As another example, researchers in molecular biology hope to use the large amounts of genomic data to better understand the structure and function of genes. In the past, traditional methods in molecular biology allowed scientists to study only a few genes at a time in a given experiment. Recent breakthroughs in microarray technology have enabled scientists to compare the behavior of thousands of genes under various situations. Such comparisons can help determine the function of each gene, and perhaps isolate the genes responsible for certain diseases. However, the noisy, high- dimensional nature of data requires new data analysis methods. In addition to analyzing gene expression data, data mining can also be used to address other important biological challenges such as protein structure prediction, multiple sequence alignment, the modeling of biochemical pathways, and phylogenetics.

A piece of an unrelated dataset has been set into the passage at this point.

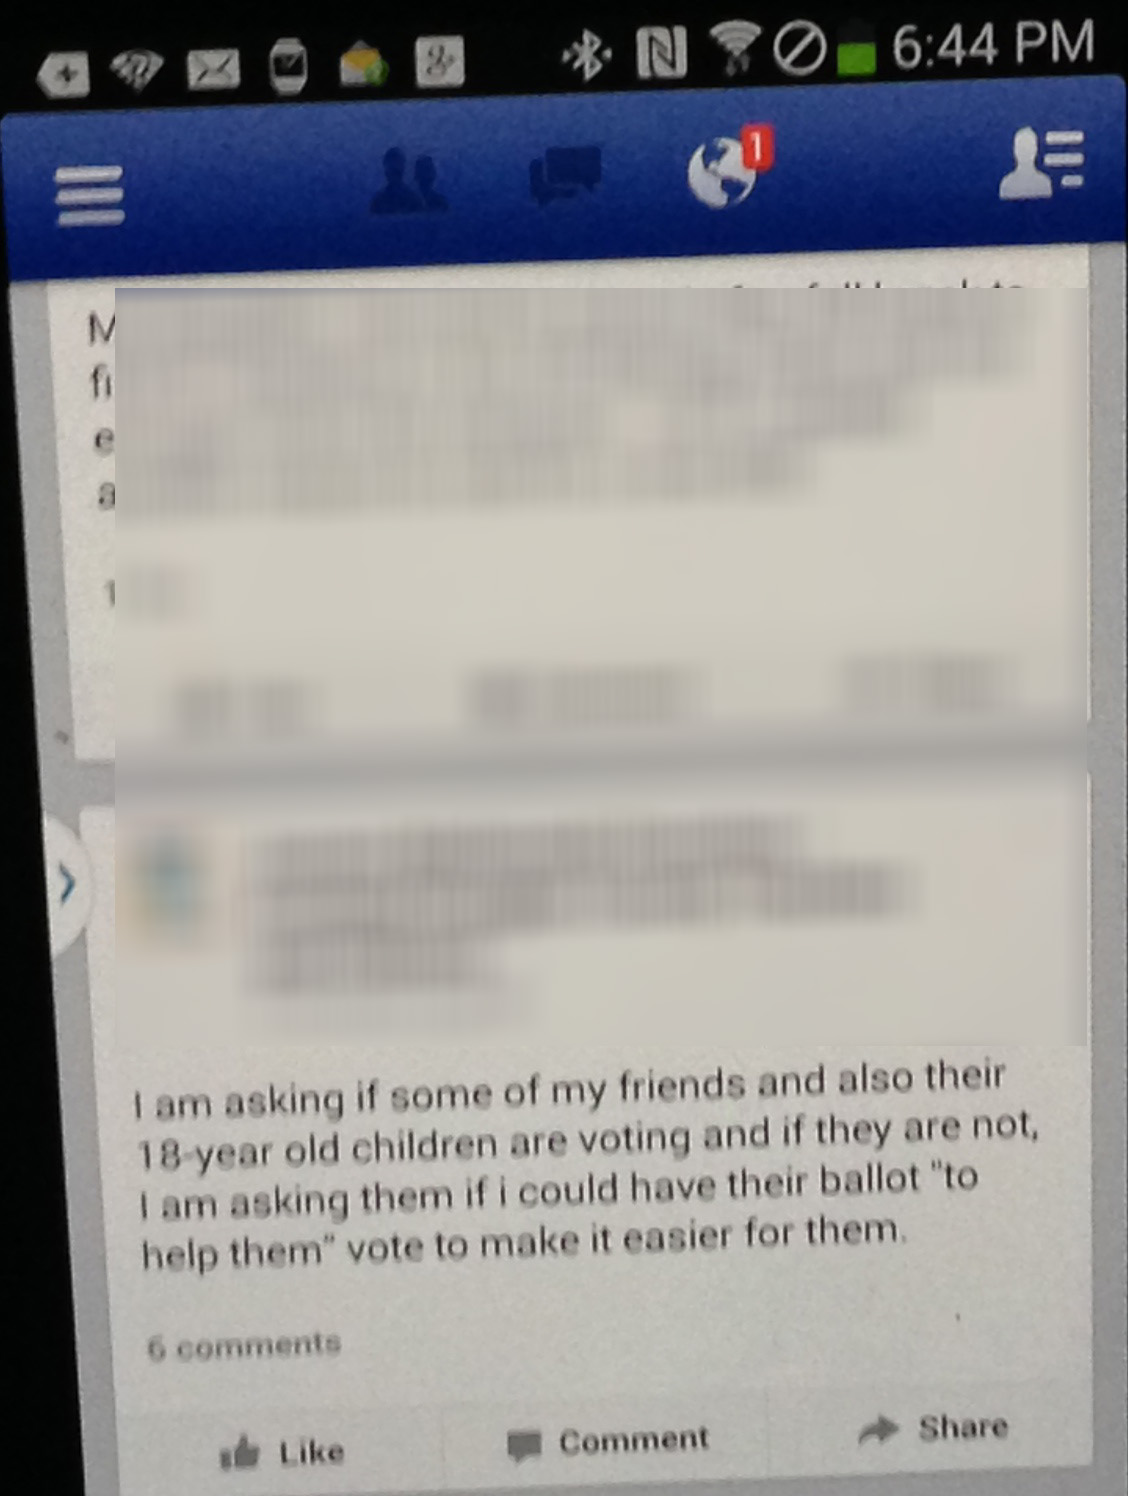 Facebook post asks for friends’ ballots if they are not voting

Another example is the use of data mining techniques to analyze electronic health record (EHR) data, which has become increasingly available. Not very long ago, studies of patients required manually examining the physical records of individual patients and extracting very specific pieces of information pertinent to the particular question being investigated. EHRs allow for a faster and broader exploration of such data. However, there are significant challenges since the observations on any one patient typically occur during their visits to a doctor or hospital and only a small number of details about the health of the patient are measured during any particular visit.
Currently, EHR analysis focuses on simple types of data, e.g., a patient’s
blood pressure or the diagnosis code of a disease. However, large amounts of more complex types of medical data are also being collected, such as electrocardiograms (ECGs) and neuroimages from magnetic resonance imaging (MRI) or functional Magnetic Resonance Imaging (fMRI). Although challenging to analyze, this data also provides vital information about patients. Integrating and analyzing such data, with traditional EHR and genomic data is one of the capabilities needed to enable precision medicine, which aims to provide more personalized patient care.

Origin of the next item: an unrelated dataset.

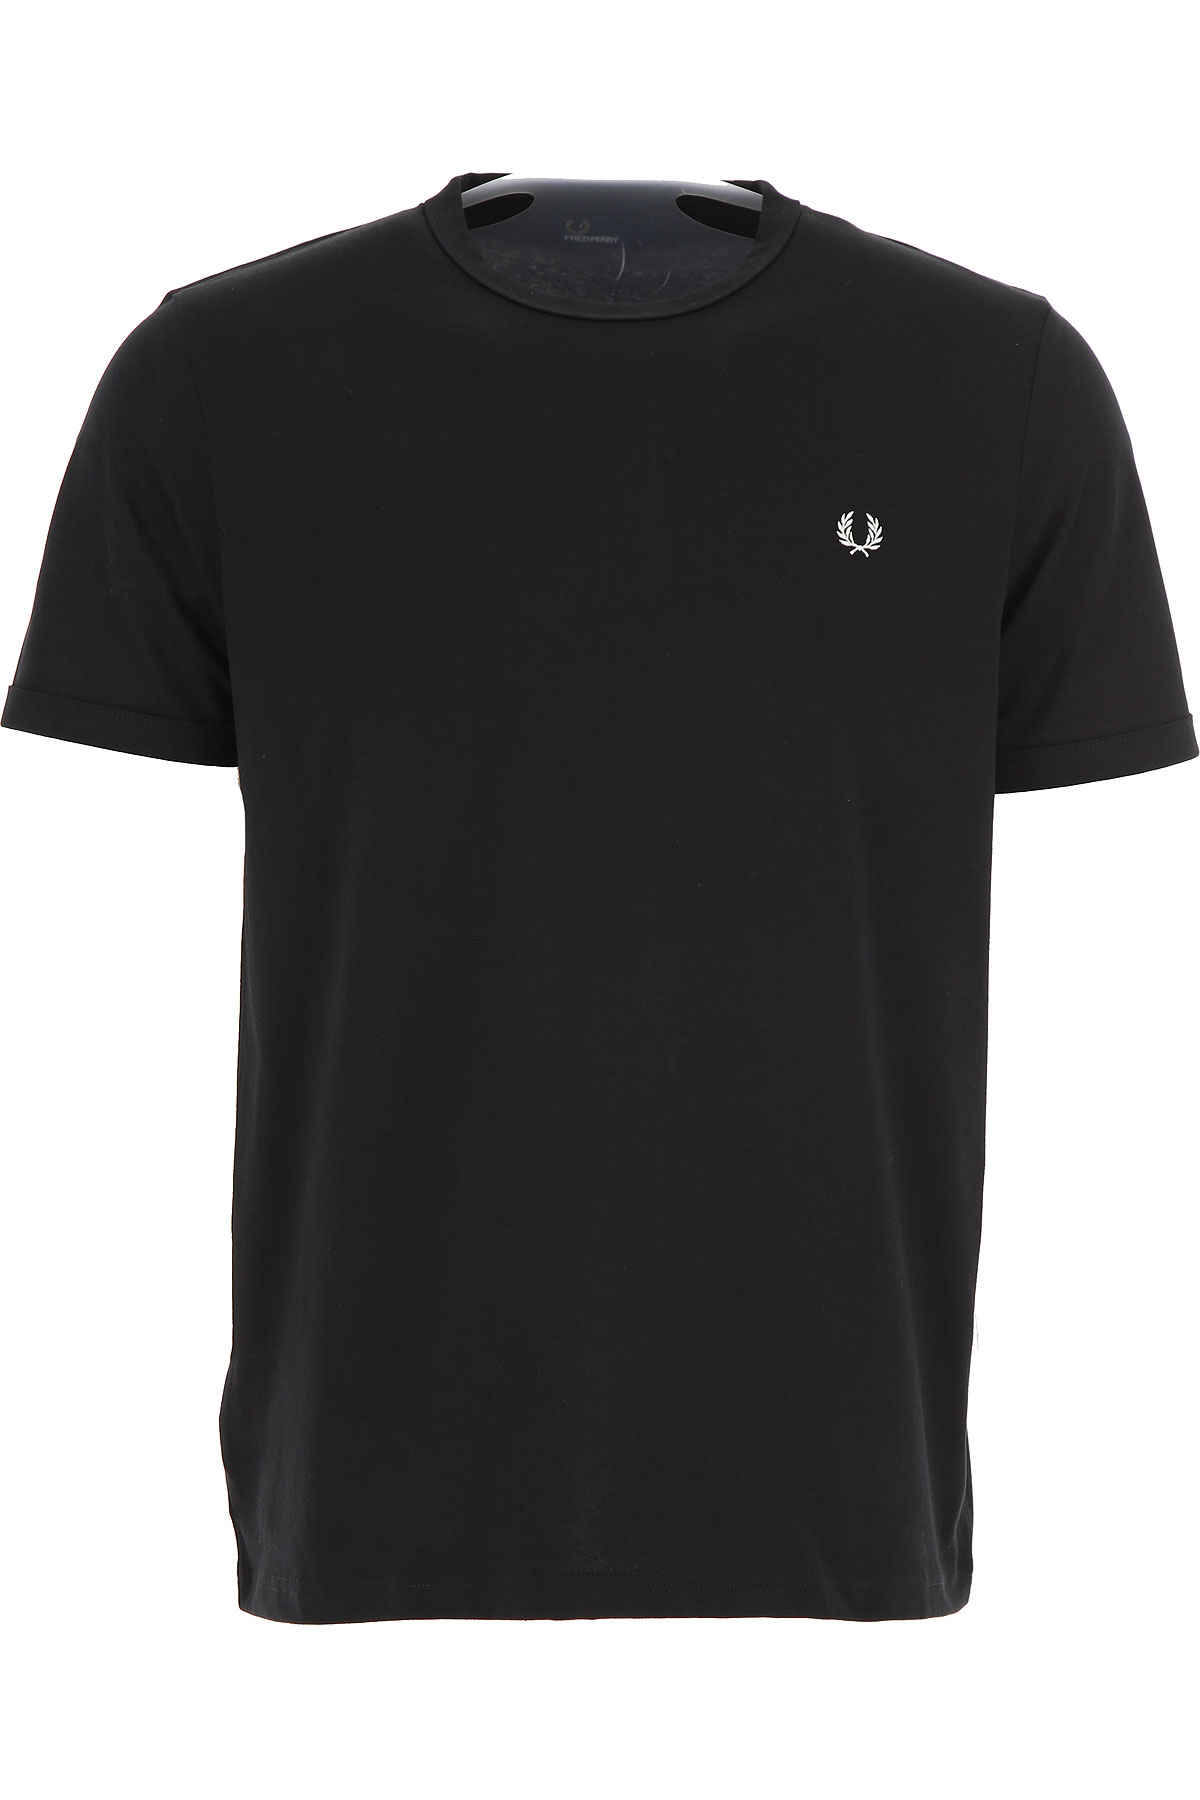 Mens Clothing Fred Perry, Style code: m3519-102-

1.1 What Is Data Mining? Data mining is the process of automatically discovering useful information in large data repositories. Data mining techniques are deployed to scour large data sets in order to find novel and useful patterns that might otherwise remain unknown. They also provide the capability to predict the outcome of a future observation, such as the amount a customer will spend at an online or a brick-and-mortar store.
Not all information discovery tasks are considered to be data mining. Examples include queries, e.g., looking up individual records in a database or finding web pages that contain a particular set of keywords. This is because such tasks can be accomplished through simple interactions with a database management system or an information retrieval system. These systems rely on traditional computer science techniques, which include sophisticated indexing structures and query processing algorithms, for efficiently organizing and retrieving information from large data repositories. Nonetheless, data mining techniques have been used to enhance the performance of such systems by improving the quality of the search results based on their relevance to the input queries.